Because it occurs, the Courtroom required the removing of Article 5(2) of the Directive, which listed the standards that Member States ought to embody when fixing the minimal wage. Apparently, that call goes in the correct route, because it leaves discretion for Member States to determine which standards must be thought of for that objective, and is in step with the limitation of the Union’s motion mentioned above. Nonetheless, it’s value noting that the removing doesn’t eradicate the danger of competence creep. Because the Advocate Basic has already instructed (para 82), it’s not arduous to think about the Courtroom being seized sooner or later with a query in regards to the interpretation of the idea of “ample minimal wages”. In that respect, the Courtroom’s assurances that the idea won’t be given an autonomous (European) that means (para 90 of the choice), and the reference to the restrict of Article 51(2) of the EU Constitution for that objective (para 93), are considerably contradicted by the report of the Courtroom – it should suffice to say Fransson, the place the Courtroom thought of the EU Constitution relevant even when Member States weren’t implementing EU legislation, however merely performing “throughout the scope of EU legislation”. Is it not attainable, following that caselaw, that sooner or later the Courtroom considers that, given the adoption of the Directive, nationwide laws on minimal wages can now be thought of to fall inside EU legislation, and therefore topic to conformity with the EU Constitution?

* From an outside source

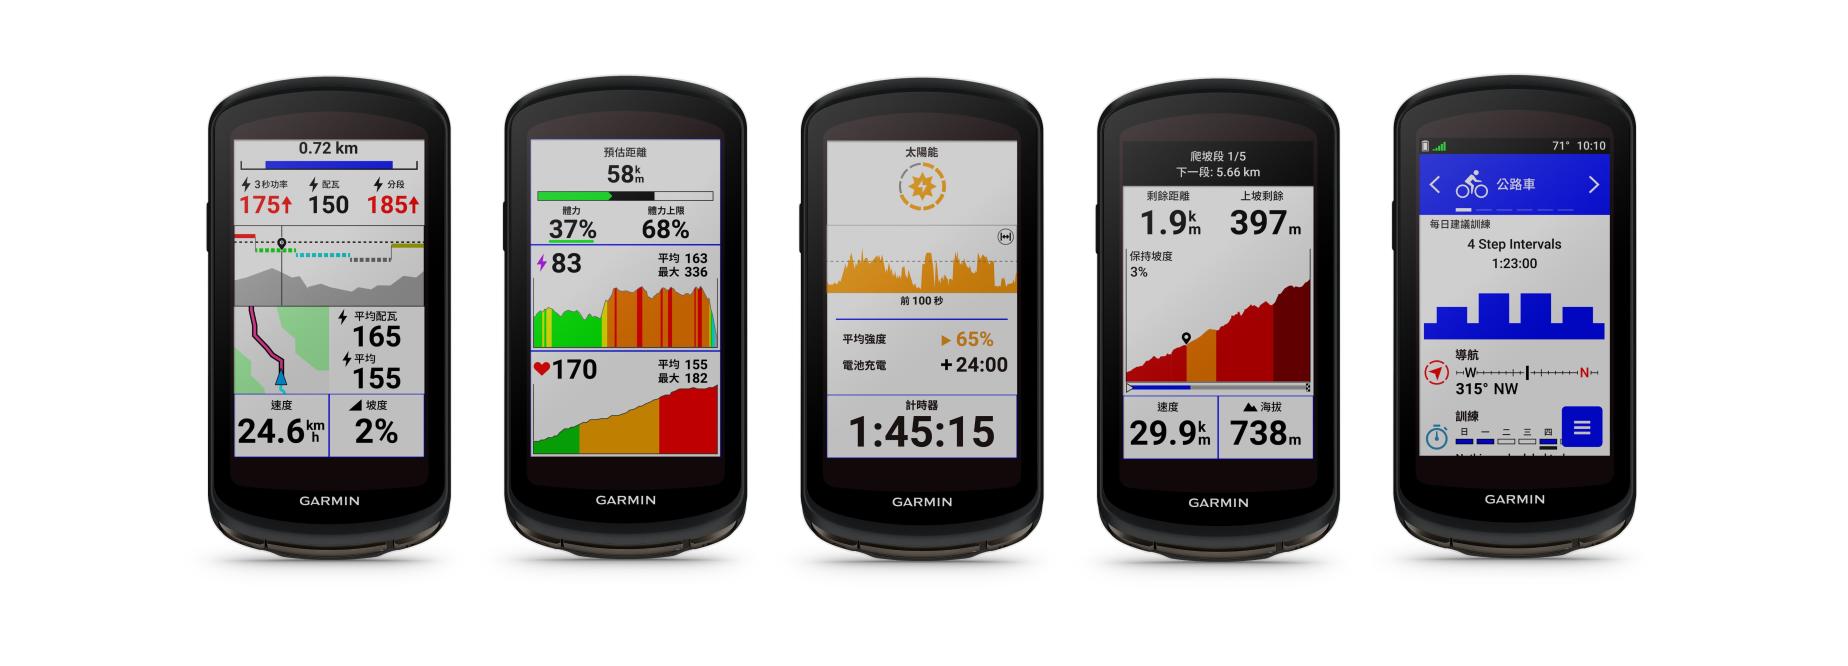 Garmin》自行車生態系三大新品齊發Edge 全新進化首款搭載太陽能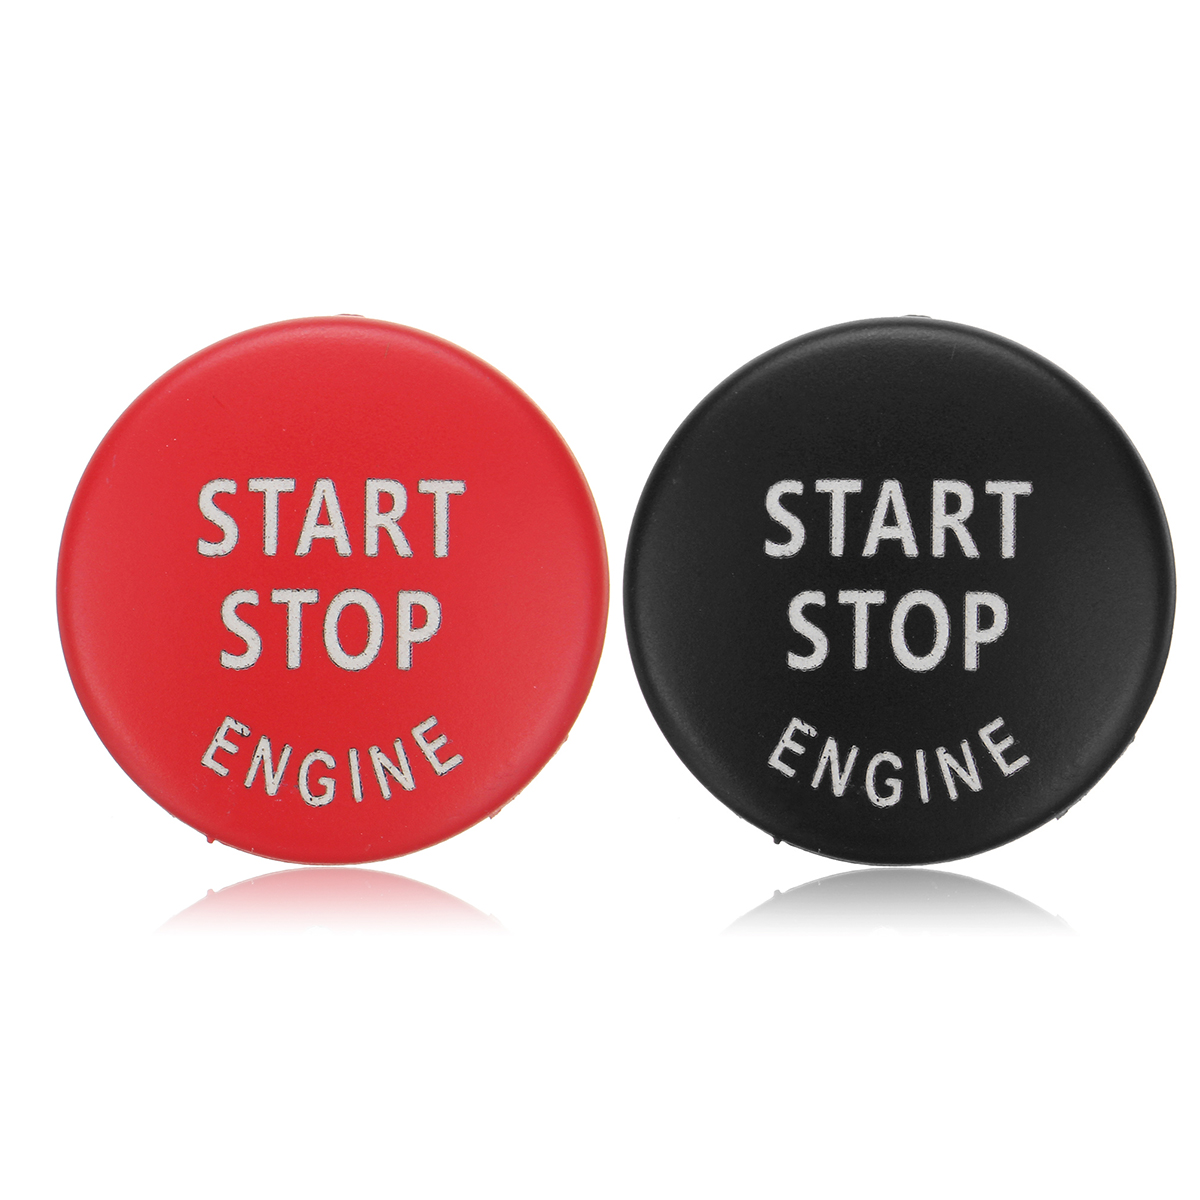 

Car Start Stop Engine Button Switch Red Black Cover for BMW X5 E70 X6 E71 3 E90 E91 E92 E93

Safeguarding the rule of legislation throughout the EU itself
Lastly, Advocate Basic Emiliou has accurately framed the query within the following elementary phrases:
“[H]ow competences are distributed between the Member States and the European Union is a query of a constitutional nature, which (…) is important to a European Union primarily based on the rule of legislation” (para 36 of the AG opinion).
The rule of legislation precept has been on the forefront of debate in mild of dangers rising in some Member States. The Courtroom of Justice has been notably energetic in addressing the disaster, taking up the function of guarantor of the values of the EU.
It can be crucial to not overlook, although, that the rule of legislation just isn’t addressed solely to Member States. Moderately, the rule of legislation is expressly recognised in Article 2 TEU as a founding and binding worth of the Union itself. Moreover, legality is extensively understood as a core dimension of the rule of legislation, insofar because it requires public energy to be exercised solely on the idea of and throughout the limits of legislation. From this attitude, the precept of conferral could actually be thought of a selected expression of the precept of legality within the EU constitutional order.
Conclusion
None of what has been stated is supposed to disregard the necessity for a social coverage and the elemental rights of employees. These are, after all, essential substantive dimensions of the rule of legislation precept. But when one is to take the division of competences critically, the conclusion would then be {that a} political resolution from Member States is important for that objective, to ensure that the social coverage to be totally full.